Southern champion
- Conference: Independent
- Record: 7–2–1
- Head coach: Archie Hoxton (2nd season);
- Captain: John Loyd
- Home stadium: Madison Hall Field

= 1900 Virginia Orange and Blue football team =

American college football season

The 1900 Virginia Orange and Blue football team represented the University of Virginia as an independent during the 1900 college football season. Led by second-year coach Archie Hoxton, the team went 7–2–1 and claims a Southern championship. The team was captained by tackle John Loyd. The Orange and Blue defeated Sewanee, to give the Tigers its first loss since 1897.

==Schedule==

| Date | Time | Opponent | Site | Result | Attendance | Source |
|---|---|---|---|---|---|---|
| October 5 |  | Washington and Lee | Madison Hall Field; Charlottesville, VA; | W 28–0 |  |  |
| October 10 |  | Richmond | Madison Hall Field; Charlottesville, VA; | W 51–0 |  |  |
| October 13 | 4:00 p.m. | vs. Carlisle | National Park; Washington, DC; | L 2–16 |  |  |
| October 20 |  | Johns Hopkins | Madison Hall Field; Charlottesville, VA; | W 20–0 |  |  |
| October 24 |  | at VMI | VMI Parade Ground; Lexington, VA; | T 0–0 |  |  |
| November 10 |  | Gallaudet | Madison Hall Field; Charlottesville, VA; | W 34–0 |  |  |
| November 14 |  | VPI | Madison Hall Field; Charlottesville, VA (rivalry); | W 17–5 |  |  |
| November 17 |  | at Georgetown | Georgetown Field; Washington, DC; | L 0–10 |  |  |
| November 24 | 2:30 p.m. | vs. North Carolina | League Park; Norfolk, VA (rivalry); | W 17–0 | 6,000 |  |
| November 29 | 2:35 p.m. | vs. Sewanee | Broad Street Park; Richmond, VA; | W 17–5 |  |  |

==Preseason==
Archie Hoxton was in his second season as head coach. William Choice transferred from rival VPI.

==Game summaries==
===Washington and Lee===
The season opened with a 28-0 defeat of the Washington and Lee Generals.

The starting lineup was Hobson (left end), Loyd (left tackle), Harris (left guard), Montgomery (center), Haskell (right guard), Walker (right tackle), McCall (right end). Mallory (quarterback), Dabney (left halfback), Carroll (right halfback), and Coleman (fullback).

===Richmond===
In the second week of play, Virginia defeated Richmond 51-0.

The starting lineup was Hobson (left end), Loyd (left tackle), Harris (left guard), Montgomery (center), Haskell (right guard), Walker (right tackle), Bride (right end). Mallory (quarterback), Carroll (left halfback), Nalle (right halfback), and Coleman (fullback).

===Carlisle===
On a muddy field, the Carlisle Indians beat Virginia 2-16, Once during the game, Bradley Walker grabbed Hawley Pierce, Carlisle's biggest player, and carried him ten yards with him dangling over his shoulder.

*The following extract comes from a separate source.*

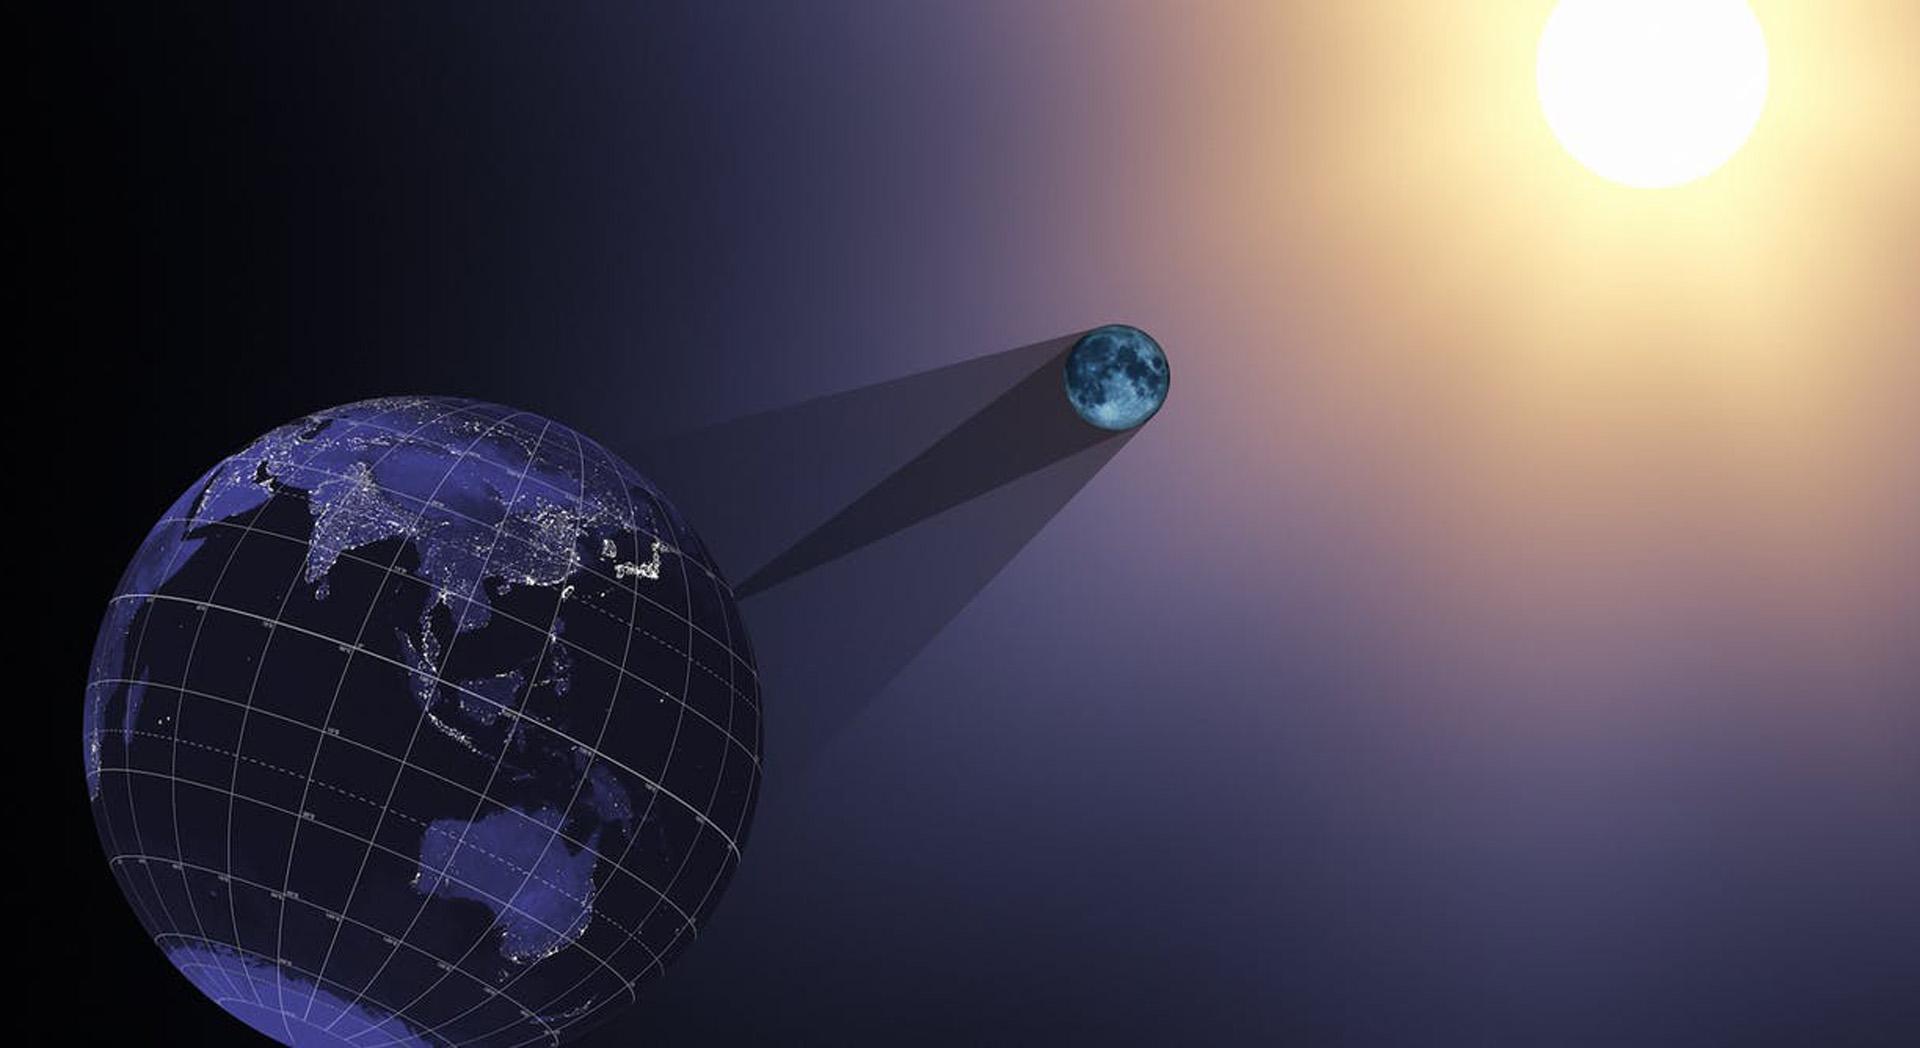 El fenómeno astronómico cautiva a millones de personas desde hace miles de años
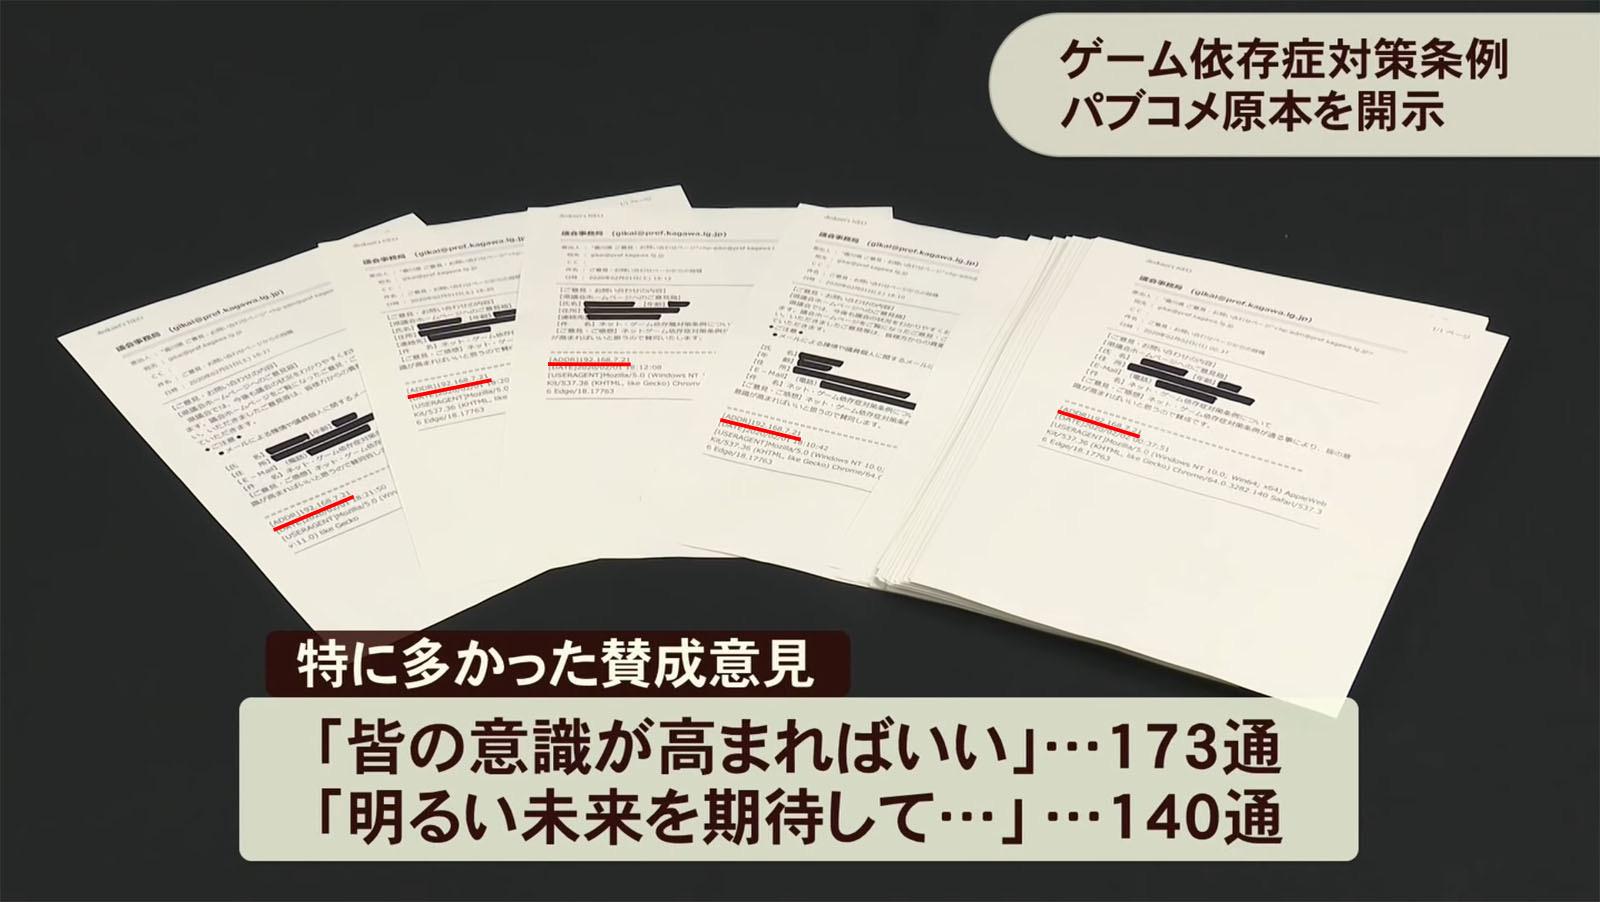 q7K1jg5 - 【悲報】香川県さん、ゲーム規制条例で自演してた事がバレてしまい証拠隠滅し始める

The starting lineup was Bride (left end), Loyd (left tackle), Harris (left guard), Montgomery (center), Haskel (right guard), Walker (right tackle), Hobson (right end). Mallory (quarterback), Dabney (left halfback), Nalle (right halfback), and Coleman (fullback).

===Johns Hopkins===
Virginia beat Johns Hopkins 40-0. Walker had several long runs for touchdown in the second half.

The starting lineup was Hobson (left end), Loyd (left tackle), Choice (left guard), Montgomery (center), Haskel (right guard), Walker (right tackle), Bride (right end). Tutwiler (quarterback), Dabney (left halfback), Nalle (right halfback), and Coleman (fullback).

===VMI===
VMI fought Virginia to a scoreless tie. The game was called the greatest ever played in Lexington. George Marshall played for VMI.

The starting lineup was Hobson (left end), Loyd (left tackle), Choice (left guard), Montgomery (center), Haskell (right guard), Walker (right tackle), Bride (right end). Tutwiler (quarterback), Nalle (left halfback), Dabney (right halfback), and Coleman (fullback).

===Gallaudet===
Virginia beat Gallaudet 34–0. A Brodie Nalle touchdown was the highlight of the game.

The starting lineup was Hobson (left end), Loyd (left tackle), Harris (left guard), Montgomery (center), Haskel (right guard), Benet (right tackle), Bride (right end). Nalle (quarterback), Dabney (left halfback), Coleman (right halfback), and Walker (fullback).

===VPI===
Virginia defeated VPI 17–5. Hunter Carpenter had in earlier games used the alias "Walter Brown" because his father had forbidden him to play football.

The starting lineup was Hobson (left end), Loyd (left tackle), Harris (left guard), Montgomery (center), Haskel (right guard), Benet (right tackle), Bride (right end). Nalle (quarterback), Dabney (left halfback), Coleman (right halfback), and Walker (fullback).

===Georgetown===
Two fumbles cost Virginia the game against Georgetown, losing 0-10.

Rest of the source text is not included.